ViLBERT (Vision-and-Language BERT) We use ViLBERT [25] , one of the recent multimodal transformer architectures that process image and text inputs through two separate transformer-based streams and combines them through transformer layers with the co-attention. It eventually outputs co-attended image and text features that can be combined (added, multiplied or concatenated) to learn a classifier for vision and language tasks. The authors proposed to use visual grounding as a self-supervised pre-training task on a large conceptual captions dataset [37] . They used the model for various downstream tasks involving vision and language, such as visual question answering, visual commonsense reasoning, and caption-based image retrieval.
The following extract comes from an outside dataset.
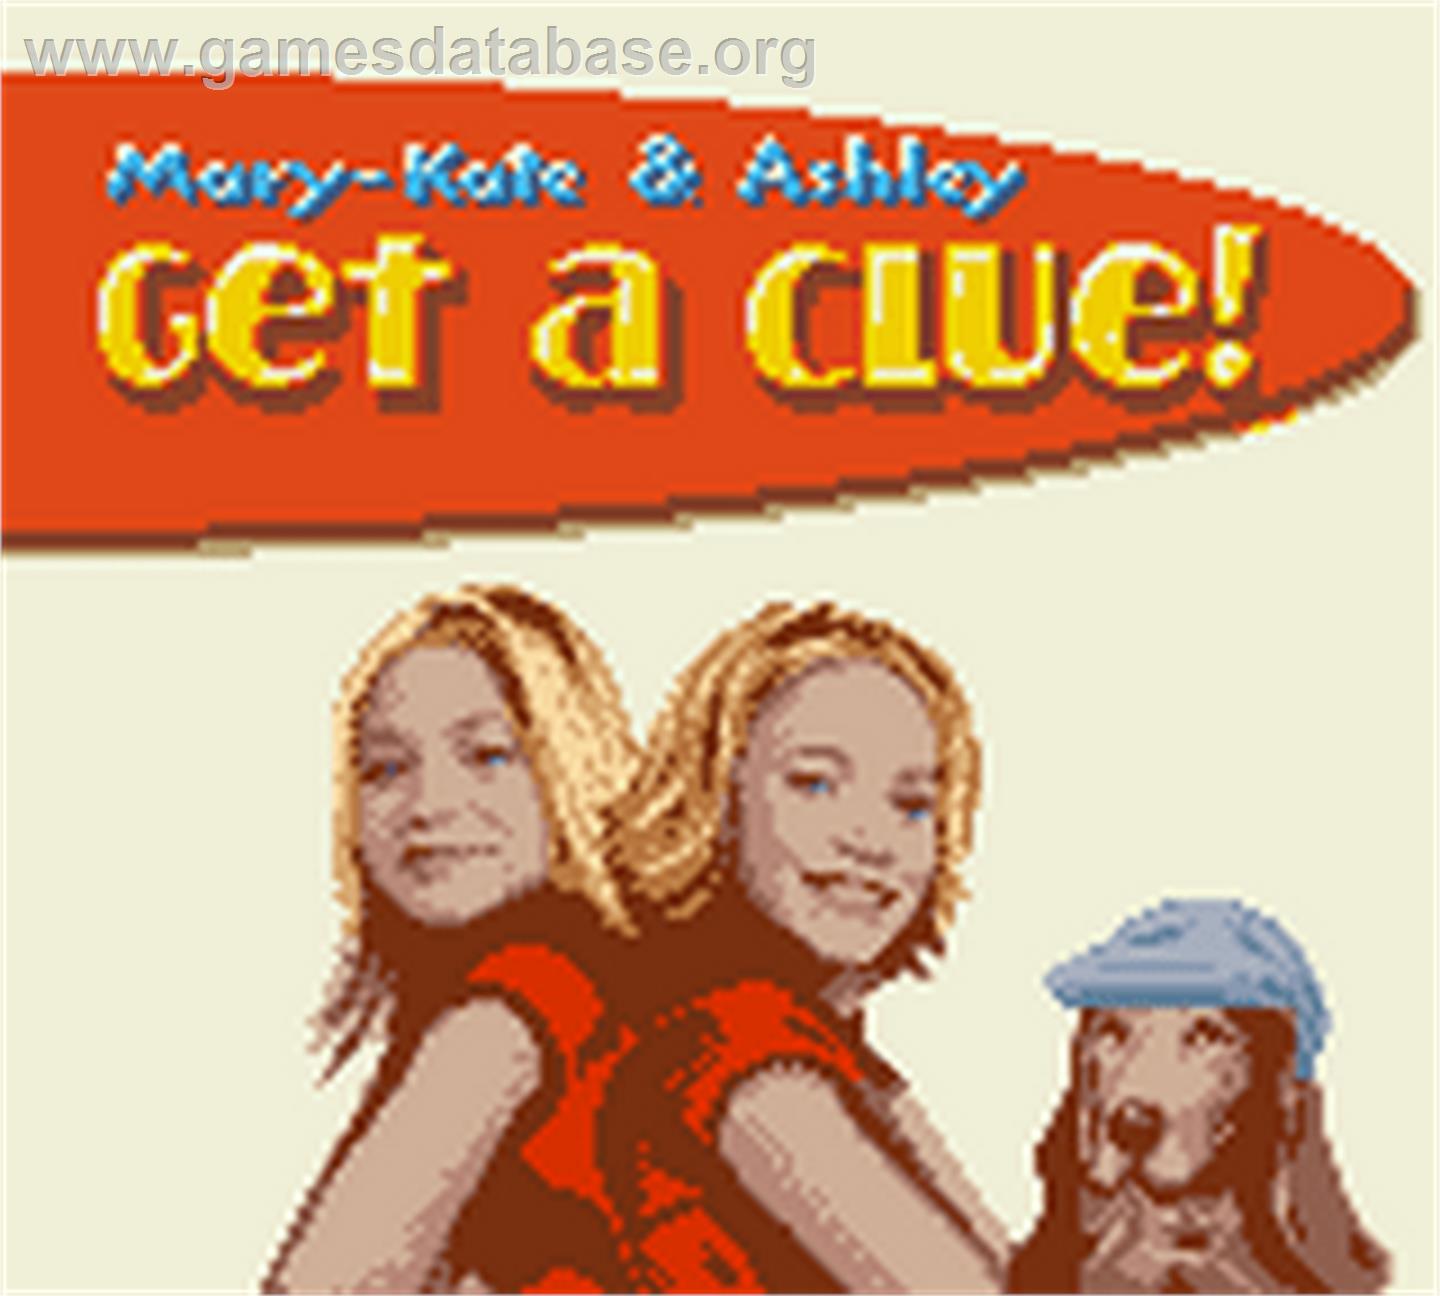 Mary-Kate and Ashley: Get a Clue - Nintendo Game Boy Color - Artwork - Title Screen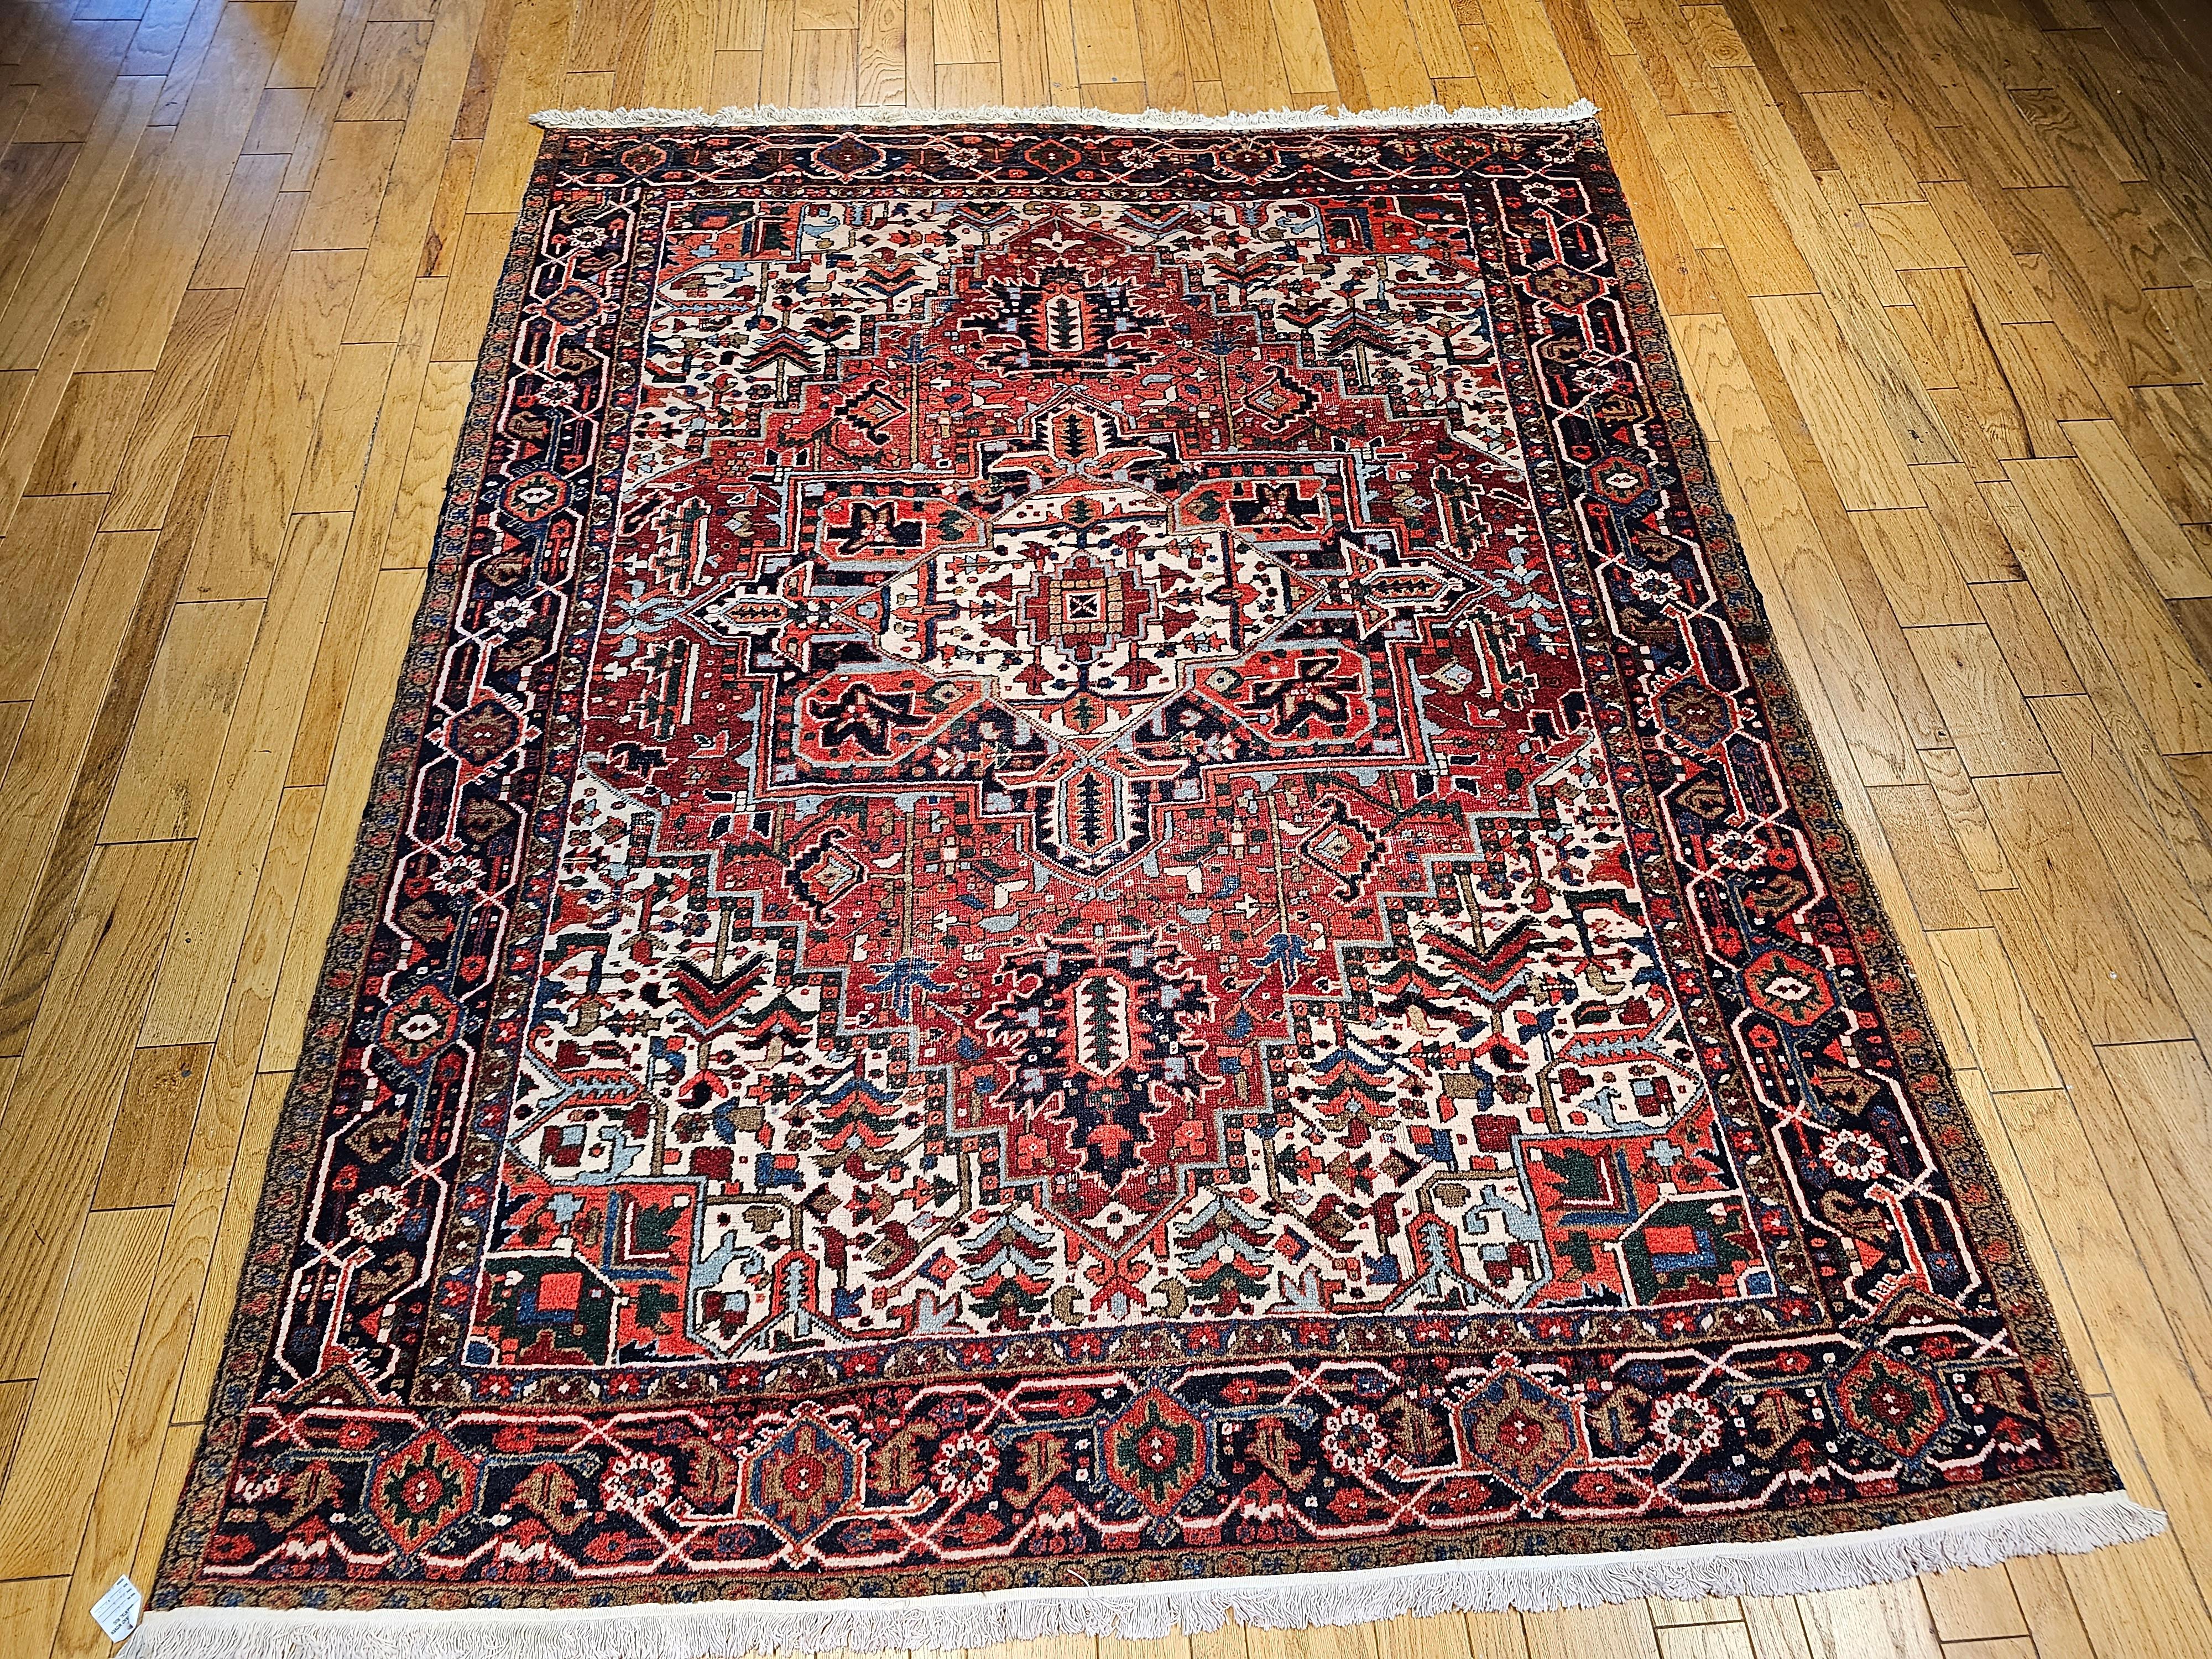 Beautiful and very colorful vintage Persian Heriz room size rug from the first quarter of the 20th century.  The field is a dark red or a brick red color with the central medallion in white with the medallion corners in blue and red with accent

For the image branch, ViLBERT uses state-of-the-art object detection model Mask R-CNN [18] and extracts top 100 region proposals (boxes) and their corresponding features. These features are used in a sequence through a 5-layer image transformer, which outputs the image region embeddings. For the text branch, it uses BERT-base model to get the contextual word embeddings. A 6-layer transformer block with the co-attention follows the individual streams that outputs the co-attended image and text embeddings.

Feature Extraction In our fixed embedding experiments with a SVM, we experiment with the output of pooling and last layers of image and text branches. With pooling layers, we directly concatenate (M CAT pool ) the image and text outputs. With last layer outputs we average the image region embeddings and word embeddings to get one single embedding per modality and then concatenate them (M CAT avg ). From pooling layers, each modality's embedding size is a 1024dimensional vector, and the last layer average of embeddings gives 1024 and 768-dimensional vectors for image and text, respectively. For fine-tuning, we follow ViLBERT 's downstream task approach, where the pooling layer outputs are either added (M ADD pool ) or multiplied (M M U L pool ) and passed to a classifier. For Arabic text, we use Google Translate to convert the text into English because all ViLBERT models are trained on English text.

ViLBERT is fine-tuned on several downstream tasks which can be relevant for encapsulating image-text relationship for our claim detection problem. Therefore, we experiment with four different pre-trained models, namely, conceptual captions , image retrieval (Image-Ret), grounding referring expressions (localize an image region given a natural language reference) (RefCOCO), and a multitask model [26] that is trained on 12 different tasks.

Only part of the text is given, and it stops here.